Tuesday night's high tide and strong winds caused severe damage to Cromer lifeboat station's doors, trapping its lifesaving vessel. Luckily, the lifeboat station has another boat on standby, ready to be used from Cromer beach while work is carried out on the end of the pier station ready for when a new state-of-the-art boat arrives in October.

Tuesday night's high tide and strong winds caused severe damage to Cromer lifeboat station's doors, trapping its lifesaving vessel.

Luckily, the lifeboat station has another boat on standby, ready to be used from Cromer beach while work is carried out on the end of the pier station ready for when a new state-of-the-art boat arrives in October.

Richard Leeds, operations manager for Cromer lifeboat station, said: "Unfortunately it is one of those things we have to live with.

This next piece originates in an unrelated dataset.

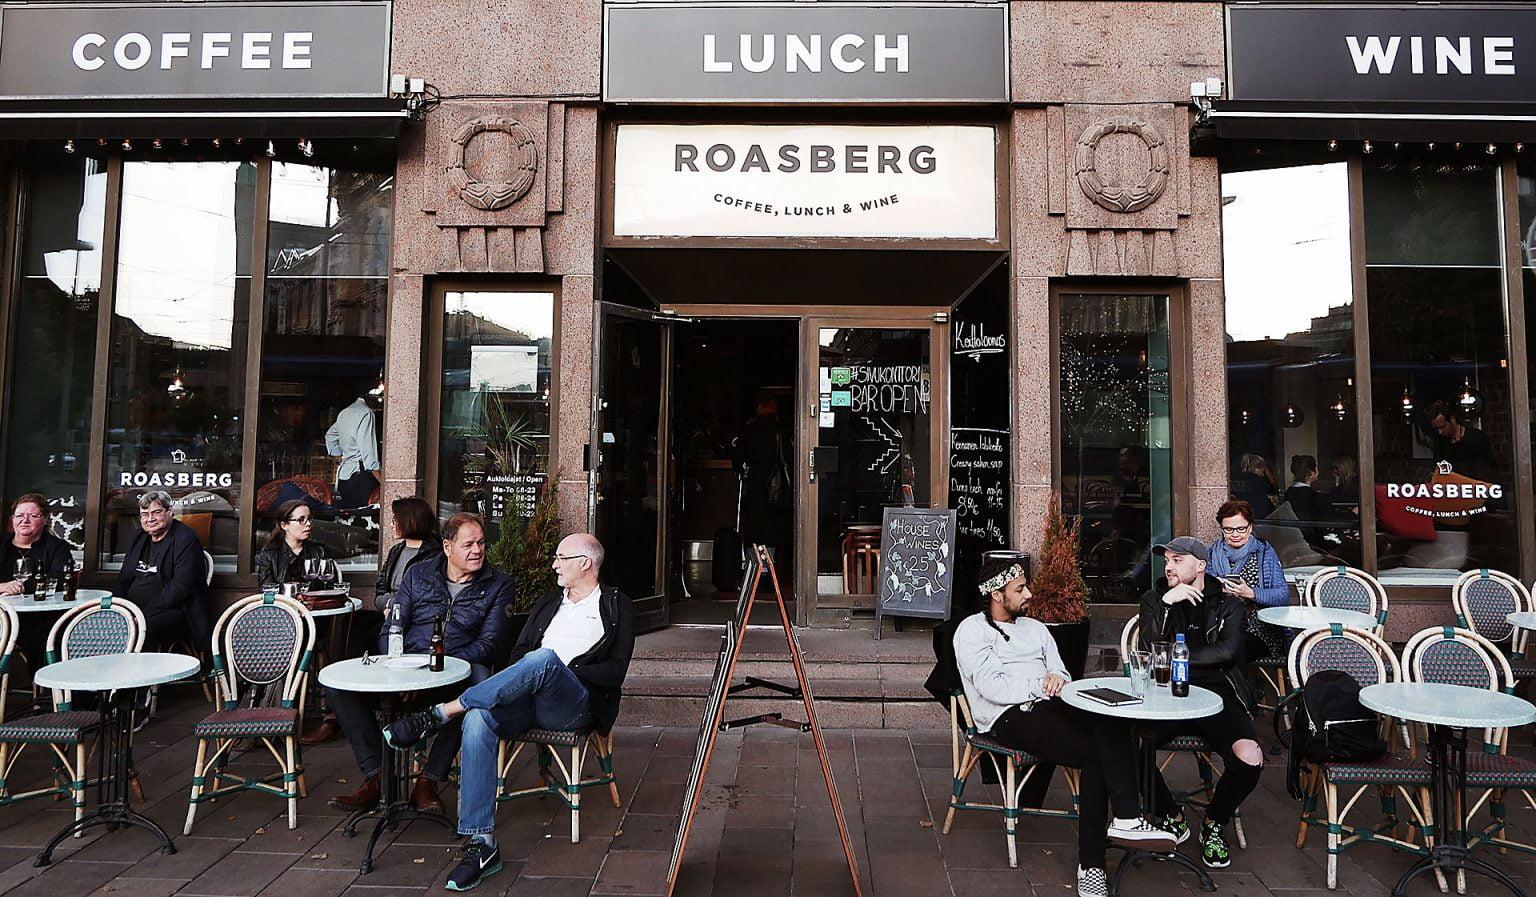 outside Roasberg Coffee

The sea was too strong and it has just pushed the doors in.

"The bottom parts are big high doors, it is the next part of it, the top section which has been badly pushed in."

The same thing happened about two years ago, he added.

The crew has been trained to use another lifeboat, now stationed at the bottom of Cromer gangway on the edge of the beach. It has been brought in as a temporary replacement for when work is carried out on the pier-end lifeboat station.

The lifeboat station needs £750,000-£1m of alteration works so a new £2.5m Tamar class lifeboat, due at Cromer in October, can fit into it. The new boat's keel and hull are deeper than the outgoing Ruby and Arthur Reed II which has seen 21 years' service at Cromer.

The Ruby will leave Cromer for Poole in about a week, where it will be used as either a relief lifeboat or sold off.